Nex-N2-mini — Turbo Phase Twin

Nex-N2-mini — Turbo Phase Twin

One file. Two precision phases. Flip --sm.

A single GGUF of Nex-N2-mini — the Qwen3.5-35B-A3B MoE (~3B active, multimodal reasoning) by the Nex-AGI team — that carries two expert precisions at once and hot-swaps between them at load with one flag:

--sm phase GPUs experts resident decode (B70) accuracy
off IQ3 (default) 1× 16 GB IQ3_A770 3.19 bpw (codebook-free) ~15.0 GiB ~82 t/s KLD 0.0547 / top-1 89.9%
on Q4 2× 16 GB Q4_K 4.5 bpw, split -sm layer ~18.8 GiB bandwidth-positive¹ KLD 0.0245 / top-1 93.2% (near-lossless)
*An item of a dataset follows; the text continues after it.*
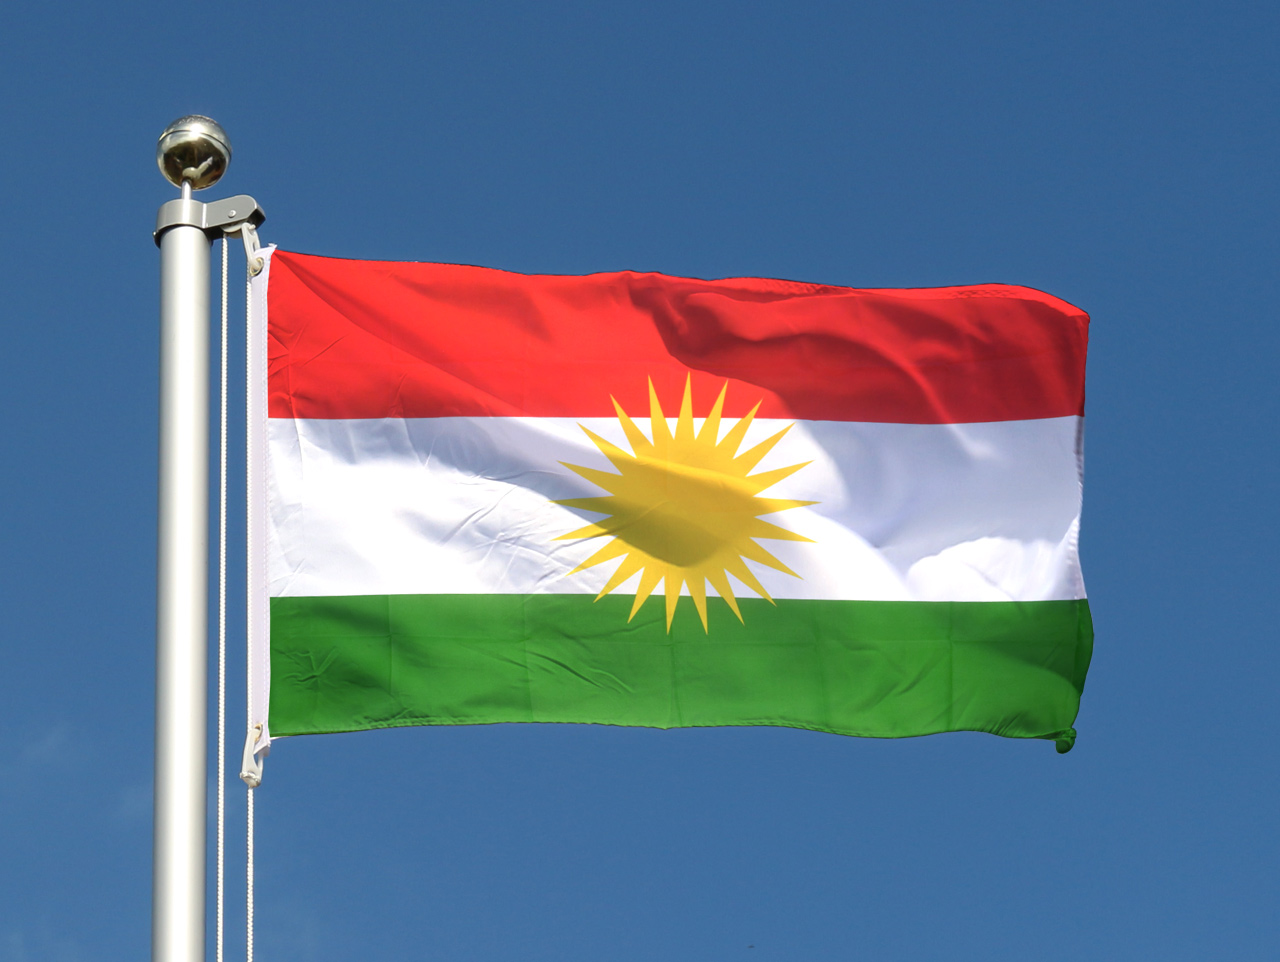 картинки с флагом курдистана что было так
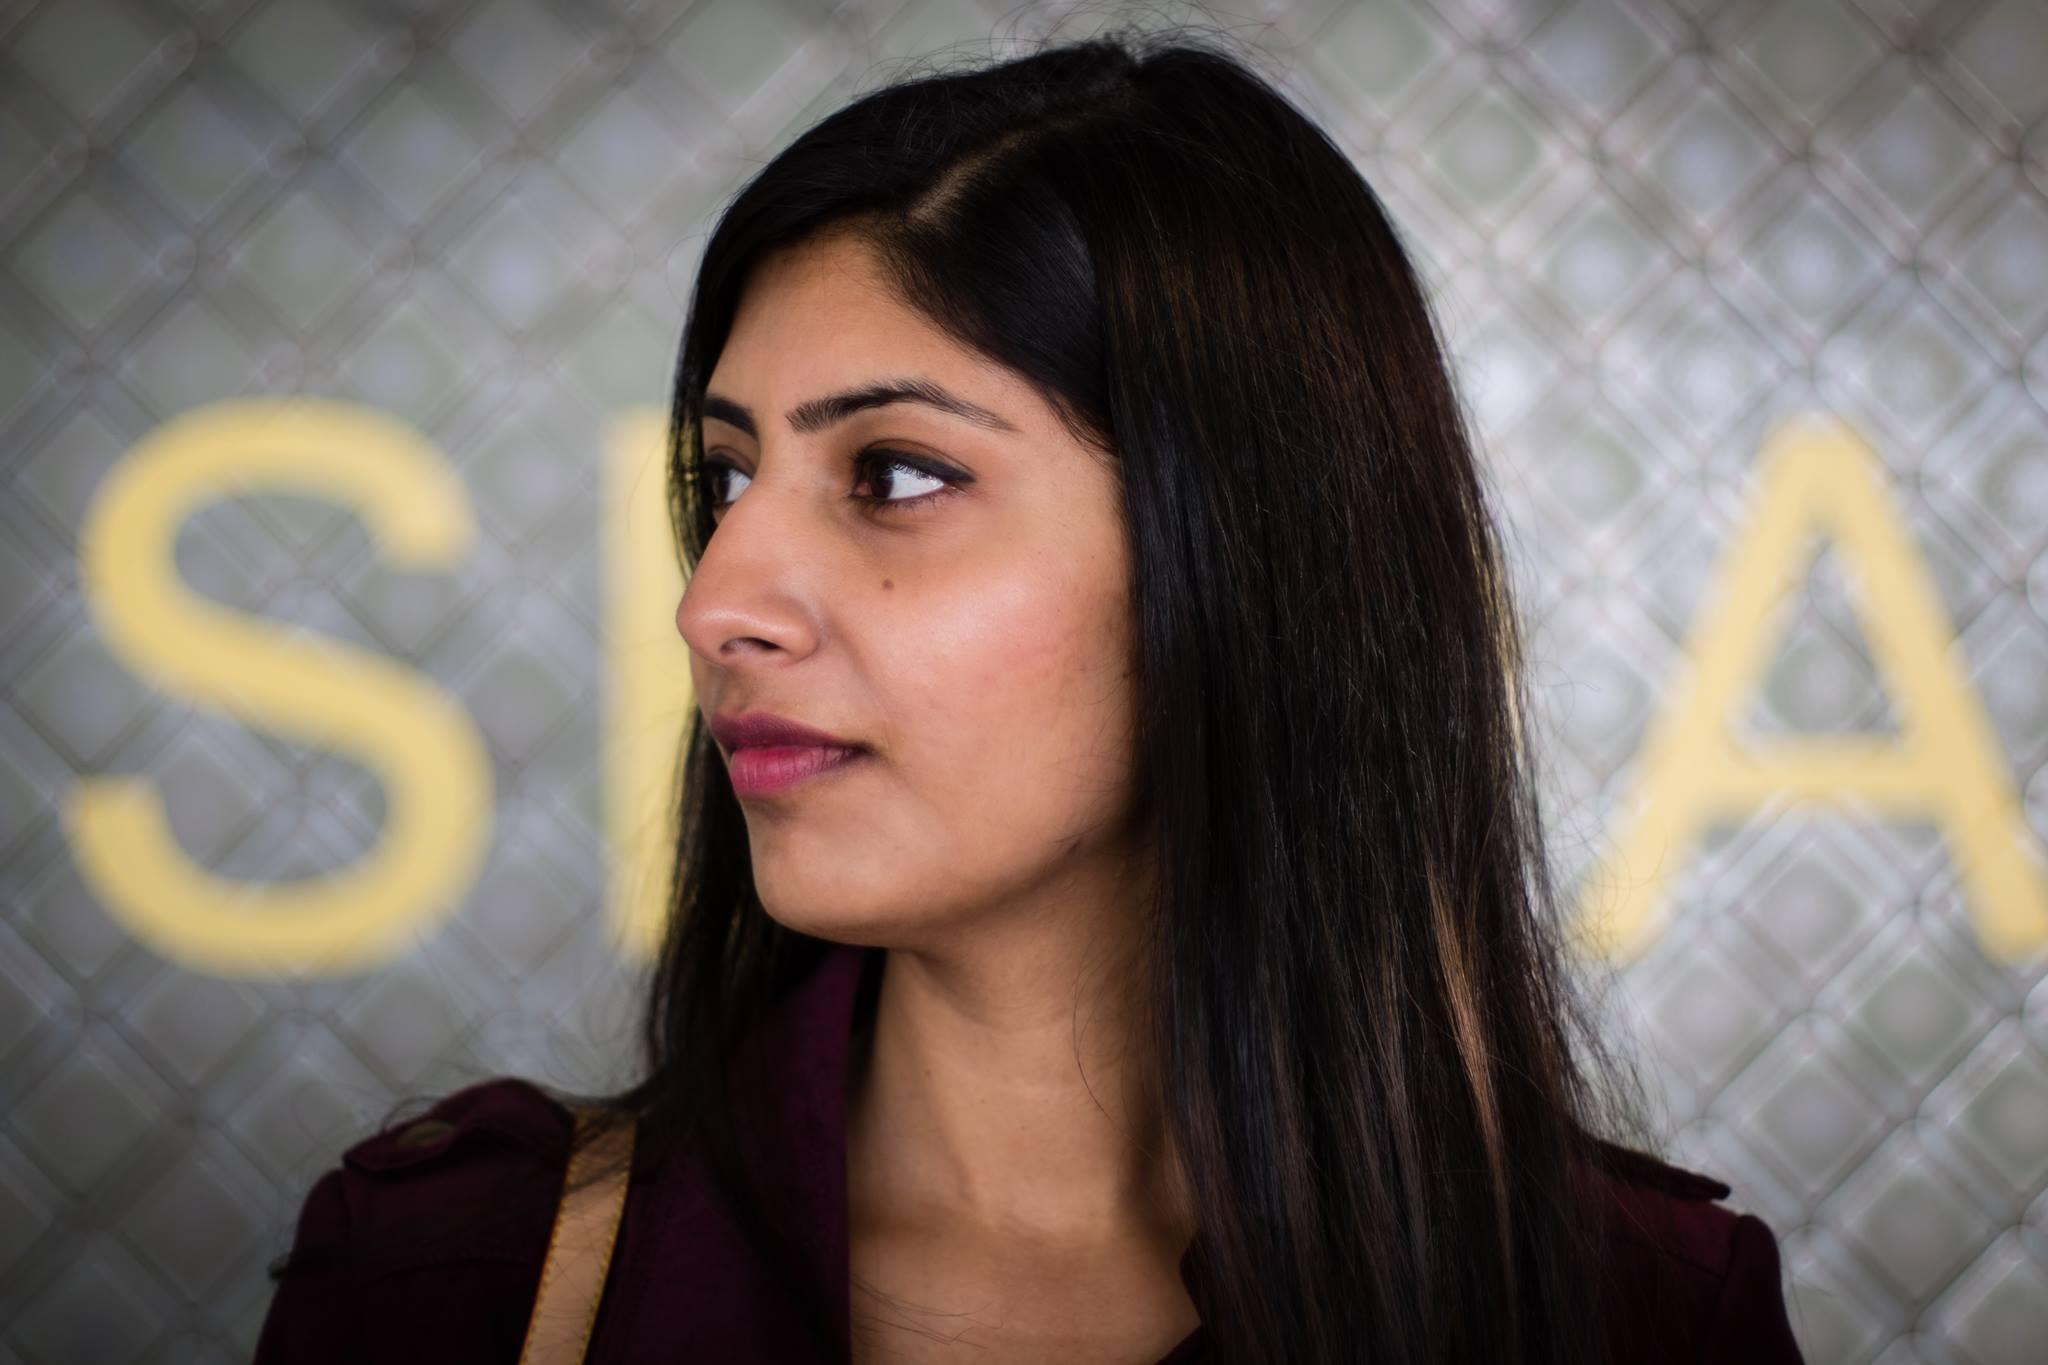 Amrita-Mathur-headshot.jpg

The two phases are twins in one ~34 GiB file: the loader keeps only the phase you select and reads only its bytes, so single-card users pay for 15 GiB and two-card users pay for the Q4 split — never both. --sm off runs the whole model on one 16 GB Arc A770 at ~82 tok/s.

⚠️ This model requires a custom llama.cpp build (codebook-free IQ3_A770 type + the multi-precision loader). Stock llama.cpp cannot load it — it will report an unknown tensor type. The build is one patch on a pinned base; see Install below. Everything you need is in this repo.


What it is

Nex-N2-mini is a 256-expert MoE (8 active/token, ~34.7 B total / ~3 B active, hybrid linear-attention, multimodal). Experts are 92.9% of the weights, so the whole speed/size/ accuracy story is about how the experts are quantized.

This "Phase Twin" packages two answers in one file:

  • IQ3 phase — a bespoke codebook-free 3-bit expert quant (IQ3_A770, 3.19 bpw) built to fit the entire model on a single Arc A770 16 GB and decode fast through a fused, reordered dp4a MoE path. This is the headline: a 35B-class MoE, one consumer card, ~82 t/s.
  • Q4 phase — the same experts at Q4_K 4.5 bpw, meant to be split across two cards (-sm layer). It is near-lossless (within 0.24% perplexity of the Q6_K reference) and faster per card, because splitting halves the bytes each GPU reads per token.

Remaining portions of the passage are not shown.